AFRICAN MIRROR REPORTER
PRESIDENT Cyril Ramaphosa has urged South African not to be selfish and think only about themselves as the country rebuilds an economy battered by COVID-19.
In a keynote address to mark SA’s Human Rights Day, Ramaphosa said South Africans must think of others, not only in terms of opportunities in the economy but also in the equitable distribution of COVID-19 vaccines.
On the economy he said: “We are now in the phase of reconstruction and recovery. We are working to build a new economy that promises equal opportunity for all. In doing so, let us remember that this is a struggle for all of us far greater than ourselves.
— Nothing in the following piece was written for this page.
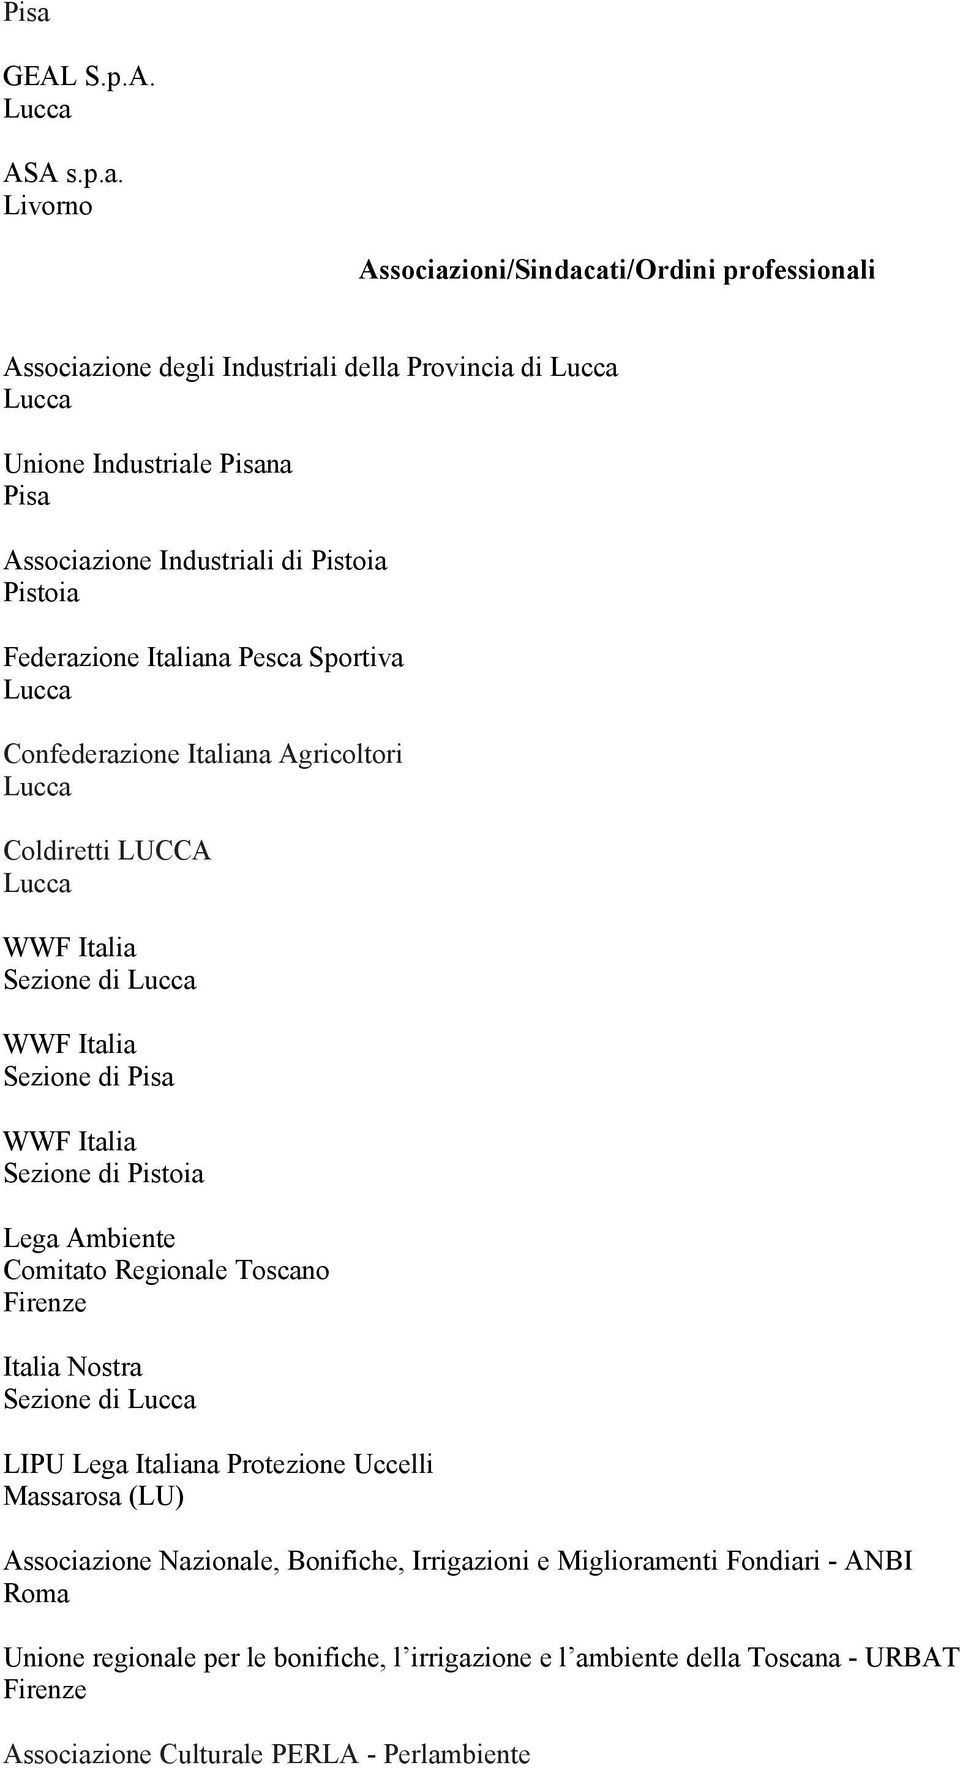 Italiana Pesca Sportiva Confederazione Italiana Agricoltori Coldiretti LUCCA WWF Italia Sezione di WWF Italia Sezione di WWF Italia Sezione di Lega Ambiente
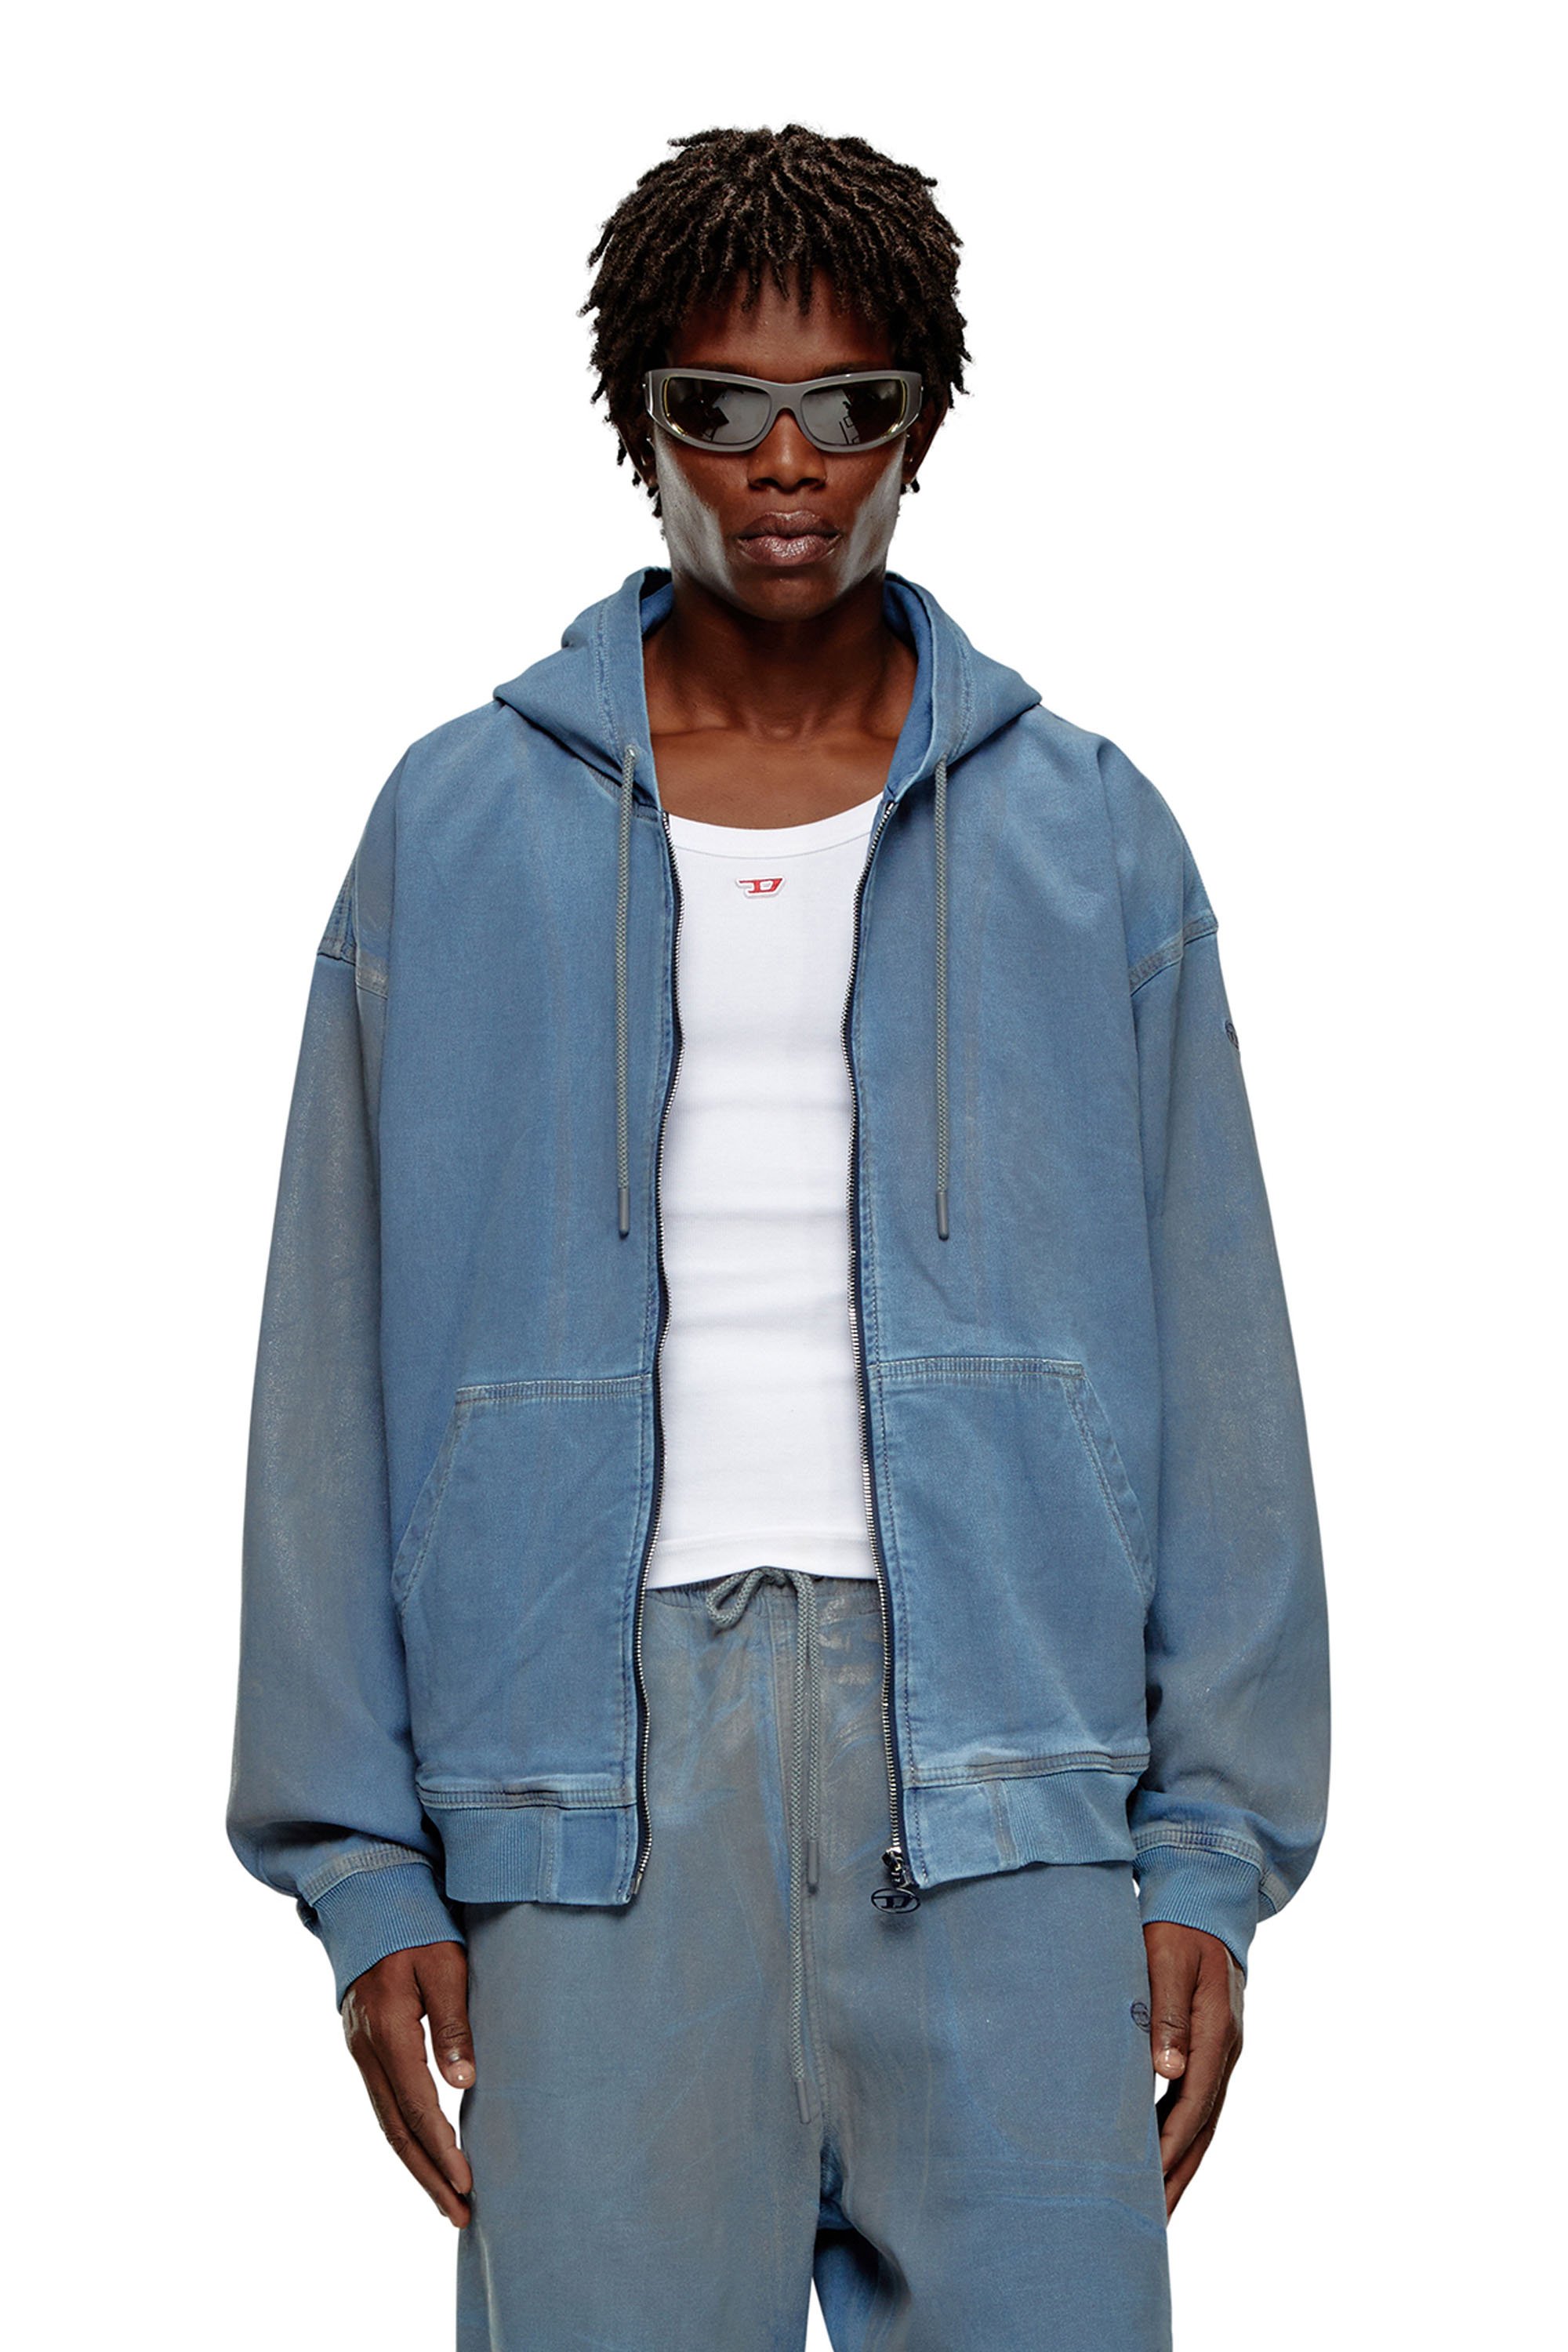 Diesel - Sweat-shirt à capuche zippé en Track Denim imprimé - Pull Cotton - Homme - Bleu

“It is not a fight not for our own piece of bread, for our own job to be saved, or for our own health and safety. It is a fight to preserve our common humanity. And it means that we must all work together, whether as government, labour, business or communities. We must rebuild a society that is far better than the one that came before it. We must become a society that is free from poverty, hunger and deprivation.”
On COVID-19 vaccines, Ramaphosa announced they would be available to every person in the country, dispelling fears that non-South Africans would be denied.
“In recognition of the severe impact of the pandemic on people’s livelihoods, we have implemented social and income support measures to support struggling households, workers and businesses. And in this, the next phase of our response to the pandemic, we are working to ensure that the COVID-19 vaccine is available to every person in our country,” he said.
Human Rights Day is a public holiday to commemorate the murder of 69 unarmed activists in Sharpeville 61 years ago and to celebrate the signing of SA’s constitution 25 years ago.
The 2021 commemoration also took place a year after the government declared a national state of disaster and announced the country’s first lockdown and its strict life-changing conditions.
Ramaphosa paid a tribute to the martyrs who lost their lives in Sharpeville and said they did so not only for themselves but for the liberation of all.
“Sixty-one years ago our brave forebears took up the defence of the rights of our people, in the face of a harsh, cruel and unjust system that was exploitive and oppressive. The heroes who protested at Sharpeville on the 21st of March 1960 took up the cause of liberty, freedom and human rights.
They did so not for themselves alone, but for us all. That’s why they’re our heroes and heroines. In the same way, the struggles we wage today are not for our cause alone. They are also for the men, women and children of tomorrow, so that they too may live in security, comfort, peace and freedom. In reflecting on the events at Sharpeville, we appreciate how far we have come from being a society that cares only for a few at the expense of the majority,” the President said.